Character formatting extends across line breaks: **bold,
this is still bold. This line deliberately does not end in star-star.
Not bold. Character formatting does not cross paragraph boundaries.
You can use [[internal links]] or [[http://www.wikicreole.org|external links]],
give the link a [[internal links|different]] name.
^D
## Wiki Creole
You can make things **bold** or *italic* or ***both*** or ***both***.
Character formatting extends across line breaks: \*\*bold, this is still
bold. This line deliberately does not end in star-star.
Not bold. Character formatting does not cross paragraph boundaries.
You can use [internal links](internal links) or [external
links](http://www.wikicreole.org), give the link a
[different](internal links) name.
Example: parsing JSON from an API
This custom reader consumes the JSON output of https://www.reddit.com/r/haskell.json and produces a document containing the current top articles on the Haskell subreddit.

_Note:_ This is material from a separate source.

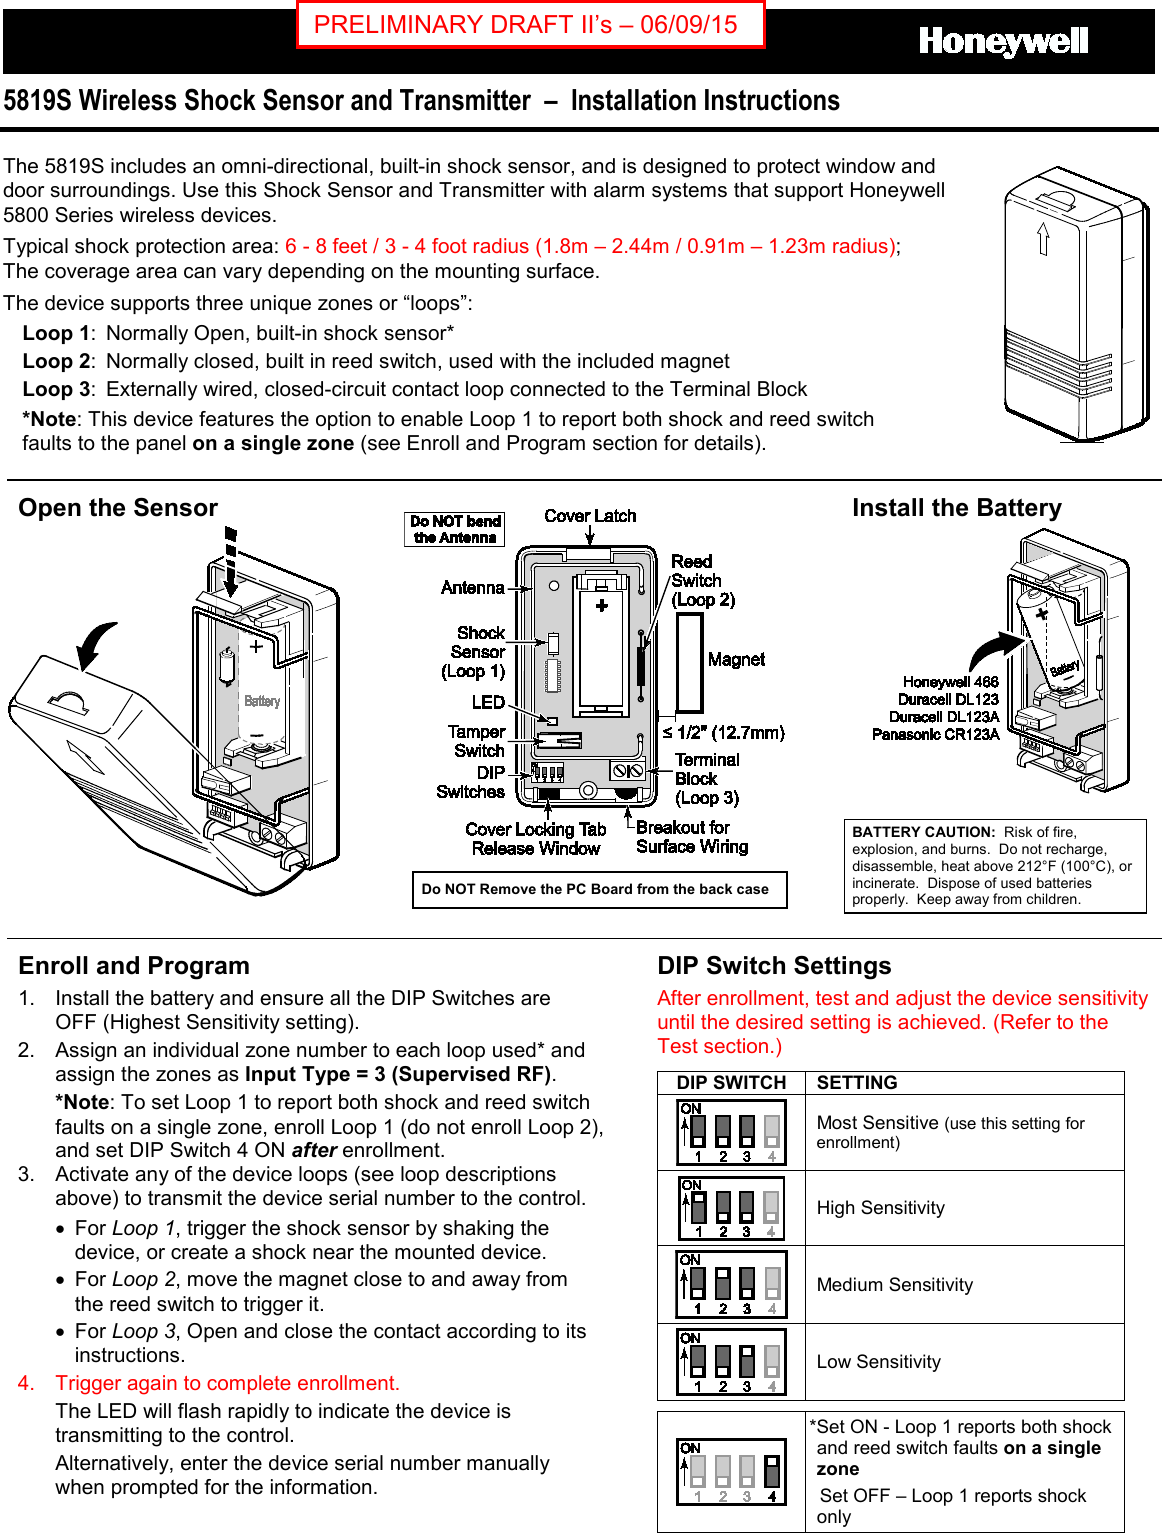   5819S Wireless Shock Sensor and Transmitter  –  Installation Instructions  The 5819S includes an omni-directional, built-in shock sensor, and is designed to protect window and door surroundings. Use this Shock Sensor and Transmitter with alarm systems that support Honeywell 5800 Series wireless devices.  Typical shock protection area: 6 - 8 feet / 3 - 4 foot radius (1.8m – 2.44m / 0.91m – 1.23m radius); The coverage area can vary depending on the mounting surface. The device supports three unique zones or “loops”: Loop 1:  Normally Open, built-in shock sensor* Loop 2:  Normally closed, built in reed switch, used with the included magnet Loop 3:  Externally wired, closed-circuit contact loop connected to the Terminal Block *Note: This device features the option to enable Loop 1 to report both shock and reed switch  faults to the panel on a single zone (see Enroll and Program section for details).  Open the Sensor    Install the Battery   BATTERY CAUTION:  Risk of fire, explosion, and burns.  Do not recharge, disassemble, heat above 212°F (100°C), or incinerate.  Dispose of used batteries properly.  Keep away from children. Enroll and Program 1. Install the battery and ensure all the DIP Switches are OFF (Highest Sensitivity setting).   2. Assign an individual zone number to each loop used* and assign the zones as Input Type = 3 (Supervised RF). *Note: To set Loop 1 to report both shock and reed switch faults on a single zone, enroll Loop 1 (do not enroll Loop 2), and set DIP Switch 4 ON after enrollment. 3. Activate any of the device loops (see loop descriptions above) to transmit the device serial number to the control.   • For Loop 1, trigger the shock sensor by shaking the device, or create a shock near the mounted device. • For Loop 2, move the magnet close to and away from the reed switch to trigger it.  • For Loop 3, Open and close the contact according to its instructions.  4. Trigger again to complete enrollment. The LED will flash rapidly to indicate the device is transmitting to the control.  Alternatively, enter the device serial number manually when prompted for the information. DIP Switch Settings After enrollment, test and adjust the device sensitivity until the desired setting is achieved. (Refer to the Test section.) DIP SWITCH SETTING  Most Sensitive (use this setting for enrollment)  High Sensitivity  Medium Sensitivity  Low Sensitivity   *Set ON - Loop 1 reports both shock and reed switch faults on a single zone   Set OFF – Loop 1 reports shock only   Do NOT Remove the PC Board from the back case PRELIMINARY DRAFT II’s – 06/09/15

It assumes that the pandoc.json
library is
available, which ships with pandoc versions after (not including)
3.1. It’s still possible to use this with older pandoc version by
using a different JSON library. E.g., luajson
can be
installed using luarocks install luajson
—but be sure
you are installing it for Lua 5.4, which is the version packaged
with pandoc.
-- consumes the output of https://www.reddit.com/r/haskell.json
local json = require 'pandoc.json'
local function read_inlines(raw)
local doc = pandoc.read(raw, "commonmark")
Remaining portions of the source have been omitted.